Hepatic Artery Aneurysms
S Canbaz, A Kocailik, E Duran
Keywords
aneurysm, fusiform, hepatic artery, surgery
Citation
S Canbaz, A Kocailik, E Duran. Hepatic Artery Aneurysms. The Internet Journal of Thoracic and Cardiovascular Surgery. 2004 Volume 7 Number 2.
Abstract
Hepatic artery aneurysms are very rare and dangerous lesions because of the high rupture rate. A fusiform, atherosclerotic aneurysm in the common hepatic artery was observed in a patient with abdominal pain. The aneurysm was treated surgically because of it was not suitable for coil embolization and stented graft insertion.
Introduction
Hepatic artery aneurysms are rare lesions but of significant clinical importance because rupture is associated with elevated mortality (1,2). Historically, most aneurysms had ruptured at presentation or were incidentally discovered at autopsy (2).
Case Report
A 54 years old male patient with compliants such as pain and disturbance in the epigastrium and dyspepsia was consulted by the cardiovascular surgery department.
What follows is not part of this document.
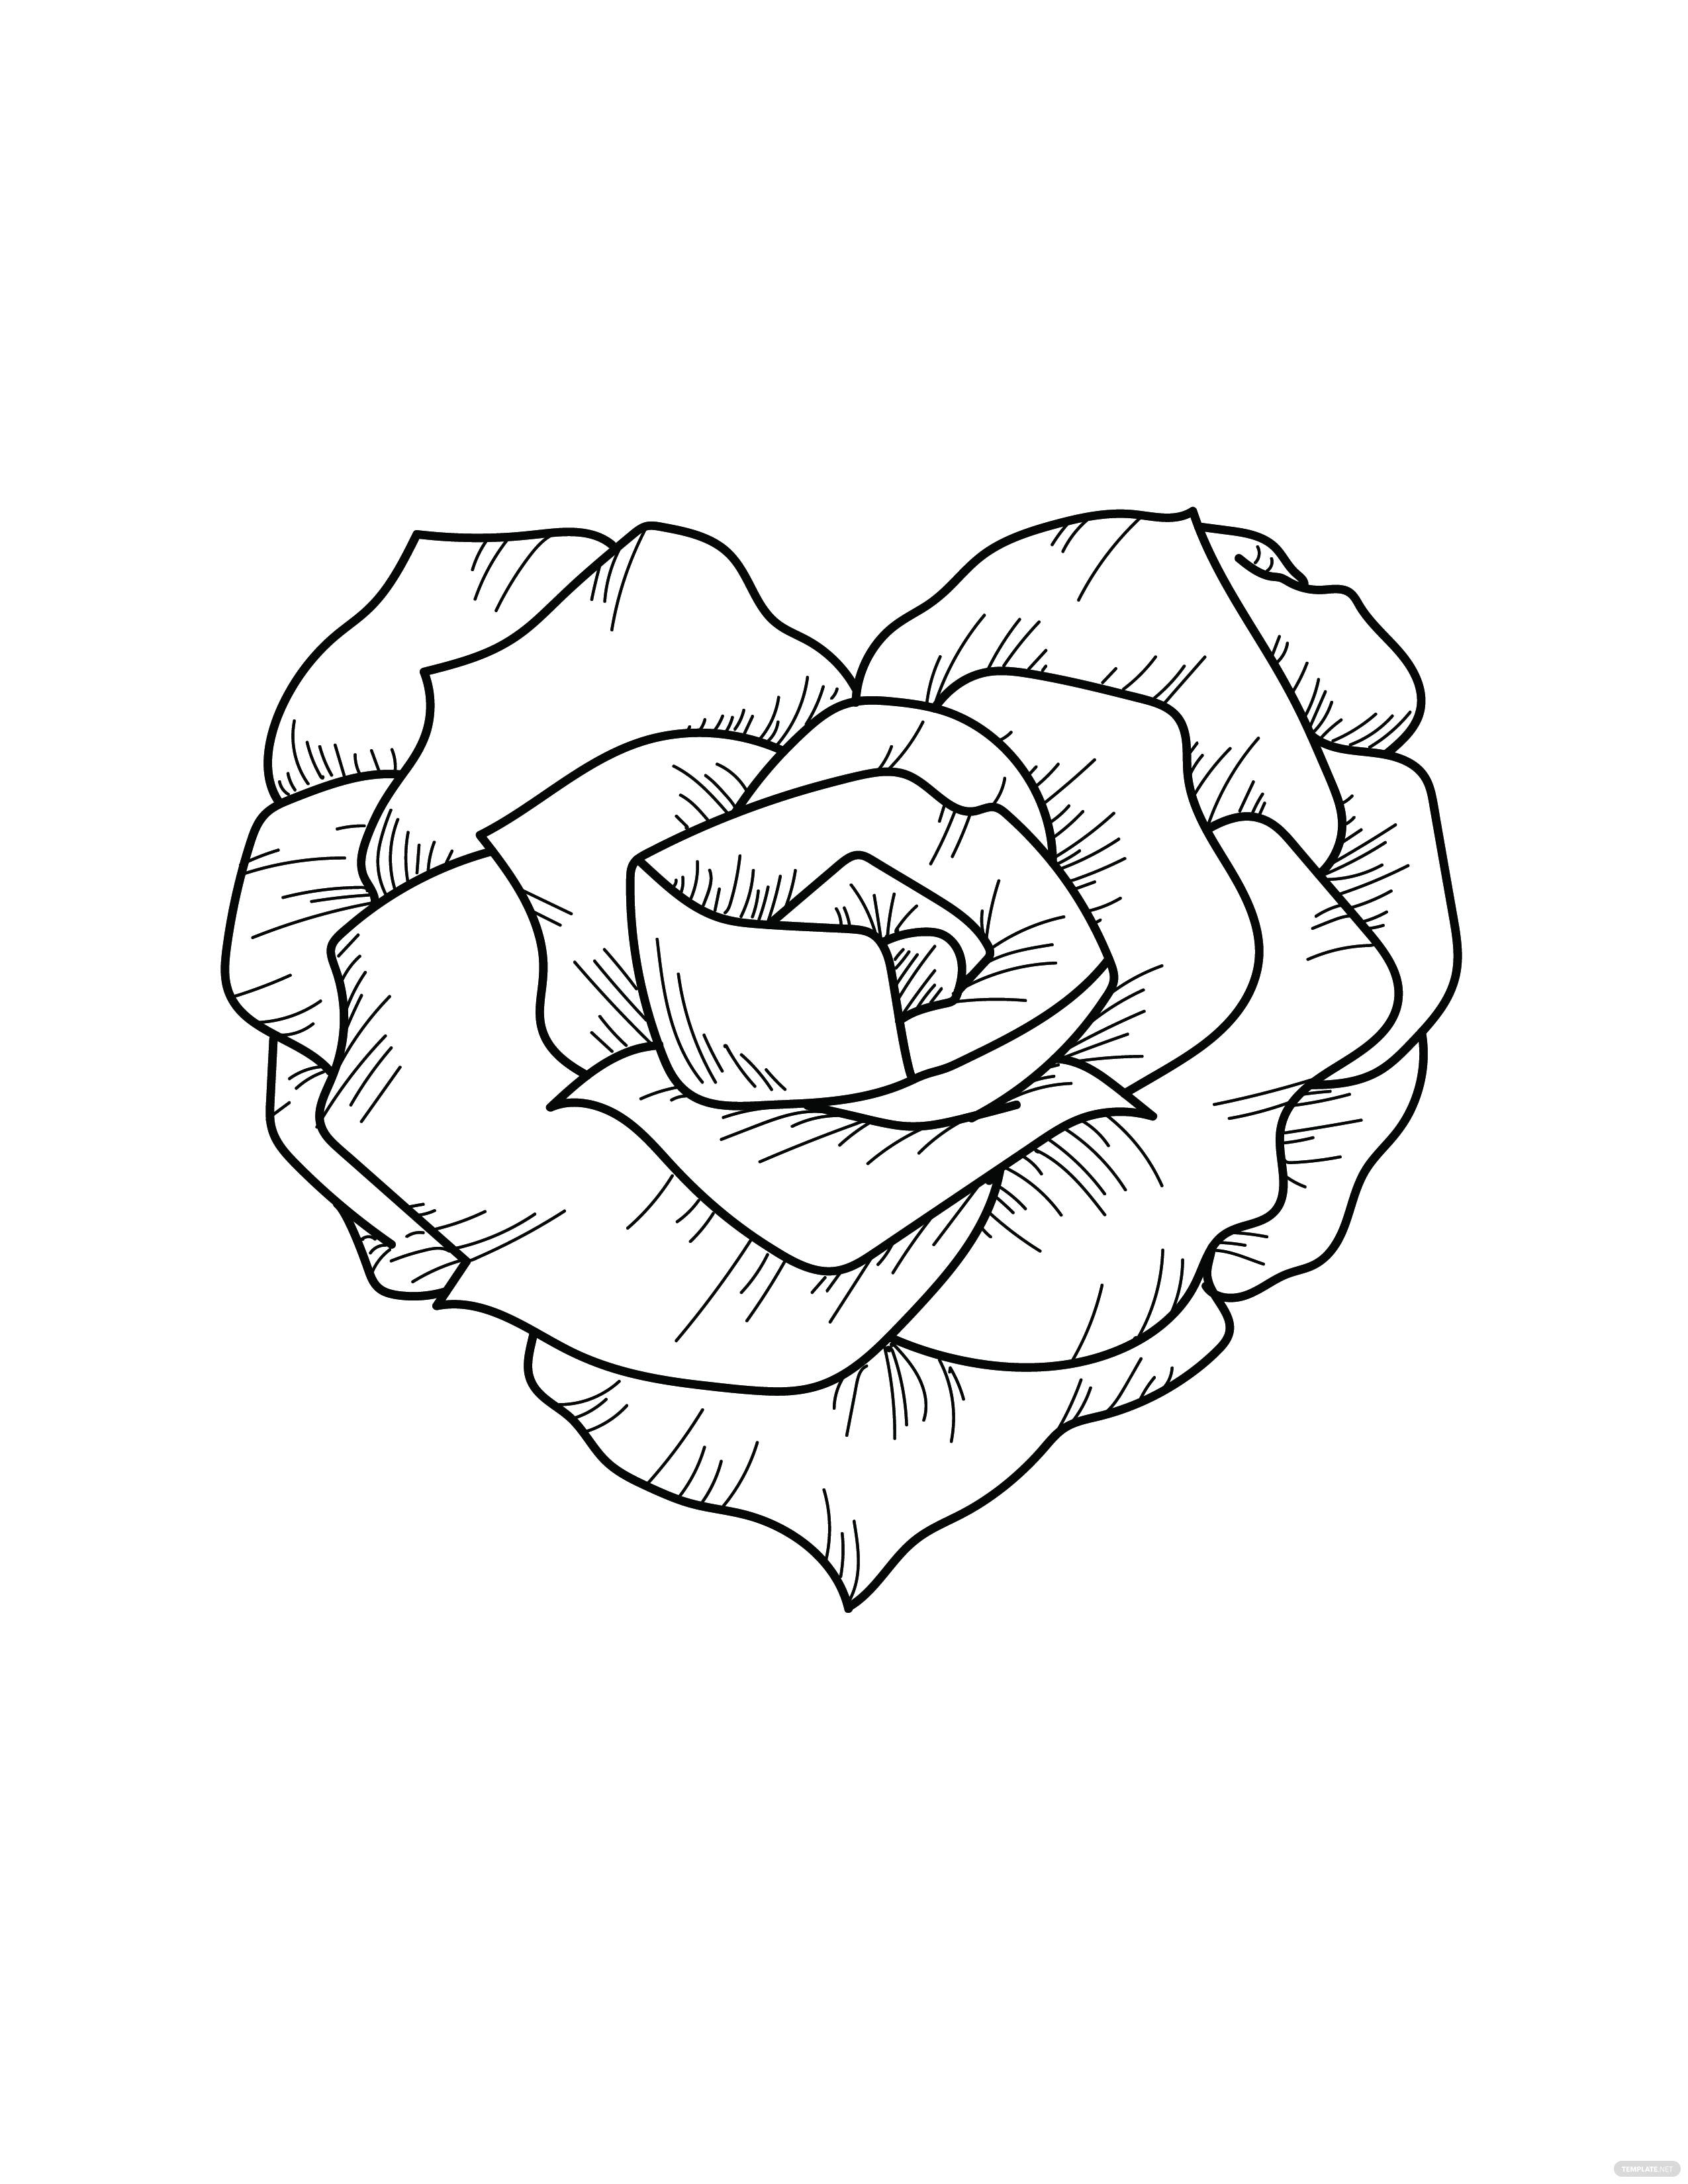 Free Heart Shaped Rose Coloring Page - EPS, Illustrator, JPG, PNG, PDF, SVG  | Template.net

A pulsatile mass was detected in upper abdomen at ultrasound. Computerized tomogram (CT) with contrast medium showed a five cm diametered aneurysm in the common hepatic artery which contained mural thrombi in the aneurysmal sac (Figure 1).
Figure 1
A magnetic resonance aortogram (Figure 2-a) and selective angiogram of the celiac artery (CA) (Figure 2-b) showed a fusiform true aneurysm in almost of common hepatic artery, with normal splenic, gastroduodenal, right and left hepatic arteries. Elective laparotomy was performed through a midline incision and incision of the lesser omentum near the pylorus revealed an aneurysm arising from the common and proper hepatic artery (Figure 3).
Figure 2
Figure 4
After resecting the aneurysm, we reconstructed the inflow and outflow arteries with a synthetic polytetrafluoroethylene (PTFE) graft interposition. The duration of clamping of these arteries was 50 minutes. The postoperative laboratory data did not show any remarkable changes, with normal serum transaminase levels.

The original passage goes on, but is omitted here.